Ironically it appears that IsItDownRightNow? is also down, although that could because they're experiencing what is basically going to be the equivalent of a DDOS.
You don't need legal discovery for that. Every "X as a service" contract you sign will explicitly say that SLAs aren't dependent on dashboards/ping tests but rather a mostly subjective measure of "availability".
Dang doesn't see messages like that unless you use the footer Contact link, but I remember a comment from him a while back that I would summarize as "Some site users think it's a good use of HN, and other site users disagree and flag it, and we downweight/dedupe them sometimes and/or if someone emails us with the Contact link". I just didn't want you to wait for a reply that'll never come unless you Contact them.
Yes confirmed its because netlify's origin servers use Google Load Balancers. According to this blog they claim "We can easily move the entire brains of our service between Google, Amazon, and Rackspace in around 10 minutes with no service interruptions.". Lets see if thats true. https://www.netlify.com/blog/2018/05/14/how-netlify-migrated...
Sites that are down according to https://downdetector.com include Spotify, Discord, Snapchat, Etsy, Pokemon Go, Epic Games, Target, Paramount+, Evernote
I wondered why our alerts started going nuts. Seems like basically every global Google Cloud load balancer went down. Doesn't seem to affect single-region network load balancers.
Edit: All of ours are back up. Some other services still seem down though.
Funny thing is when you google Home Depot or Paramount Plus you get ads served by Google as the first result. When click on it Google then shows you a 404 page. I wonder if they'll get a refund on their Adwords campaign.
One of my pet peeves with so many services! Their obnoxious pre-ads can play flawlessly (stealing your time/eyeballs and giving them benefit), and they can still fail to give you the content you exchanged your time/eyeballs to see. Worse, they can repeatedly fail and repeatedly drill the same ads into your brain.

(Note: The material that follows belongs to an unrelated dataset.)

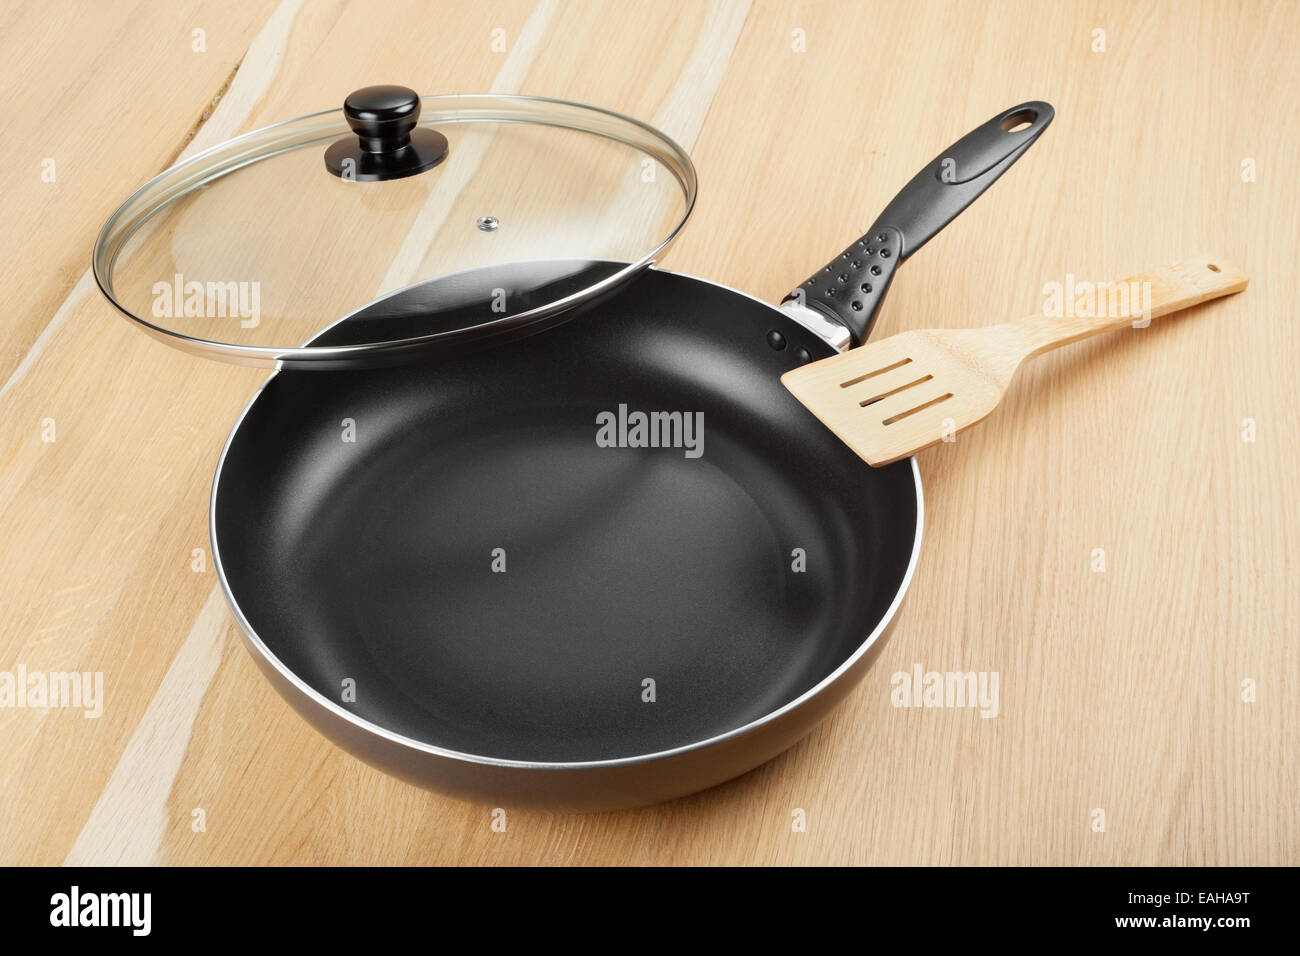 frying pan with lid on wooden table Stock Photo

There ought to be a law that essentially says if ads are “paying” for content, there must be a flawless link between ads and content such that the system can tell if the content is available (or detect after the fact that something was not delivered properly). And then, based on that, it either is required to ensure the ad never plays (since the content cannot be delivered), or that the user must be compensated in some way (e.g. we see you were forced to see an ad but got nothing so we are crediting $1 to your account).

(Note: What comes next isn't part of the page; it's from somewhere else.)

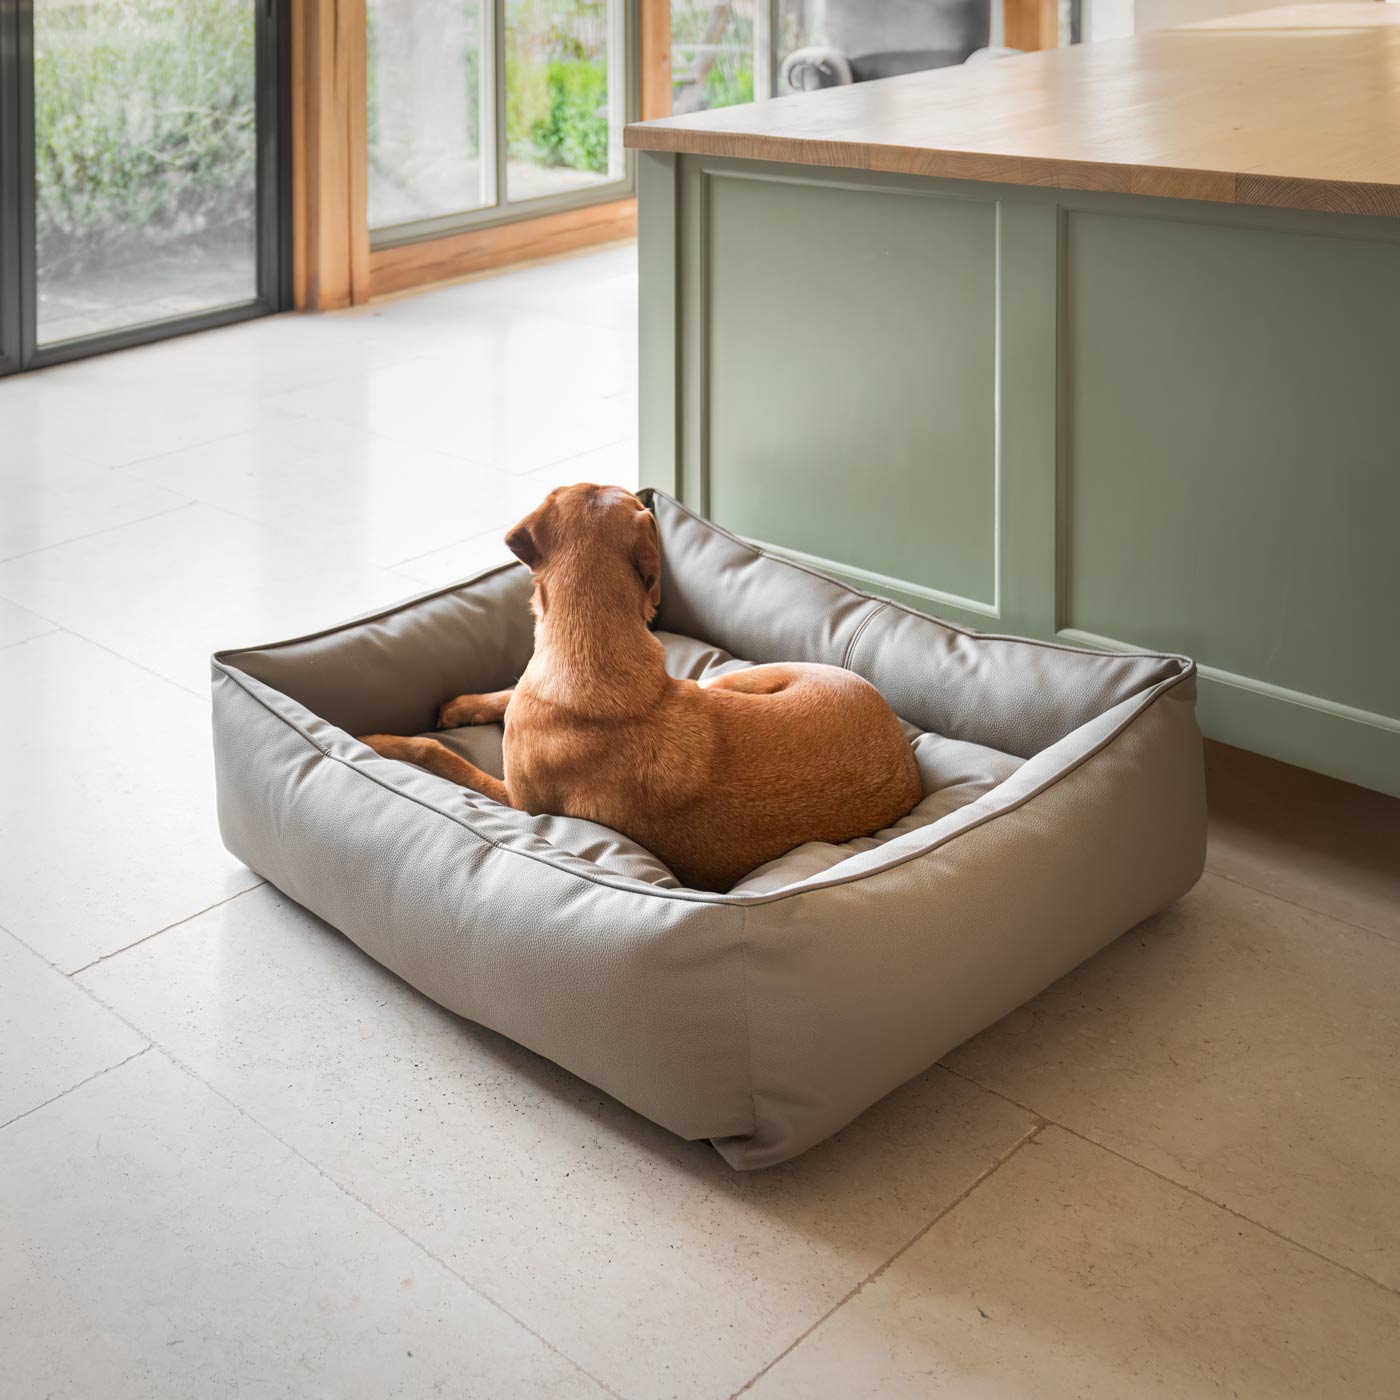 Luxury Handmade Box Bed in Rhino Tough Faux Leather, in Camel, Perfect For Your Pets Nap Time! Available To Personalise at Lords & Labradors

I also wonder how many companies didn't want to admit they were using Google for their infrastructure. Downdetector shows AWS being affected, it'd be embarrassing if they were caught using Google Cloud Platform.
Seriously doubt that AWS, Facebook are using Google for infra. There's probably some other effect at play, like people using a Google service to connect to these things. Also don't see any effects on those services personally.
Seeing the same - I have projects in us-east1 that went offline first, then us-west1 went offline a few minutes after. Everything green on their status page and nothing in the dashboard - everything returns a 404 so I'm assuming a really high level LB just took a dump.
Affecting us. Busiest time of the year and now down 20 min. It's the Global Load Balancer, so god knows what bit of the global edge has been taken out.
For what it's worth I don't think you should have been flagged or even downvoted just for being wrong. Corrected yes, absolutely. Sinking to the bottom of low contrast lake was a bit much.
Flags being gigadownvotes on this site suuuuuucks now. How do people learn if nobody can correct them? Daft.
I used to have a vouch option but I guess I used it too much haha
This sure makes it easy to know who is hosted by google by going to downdetector.com.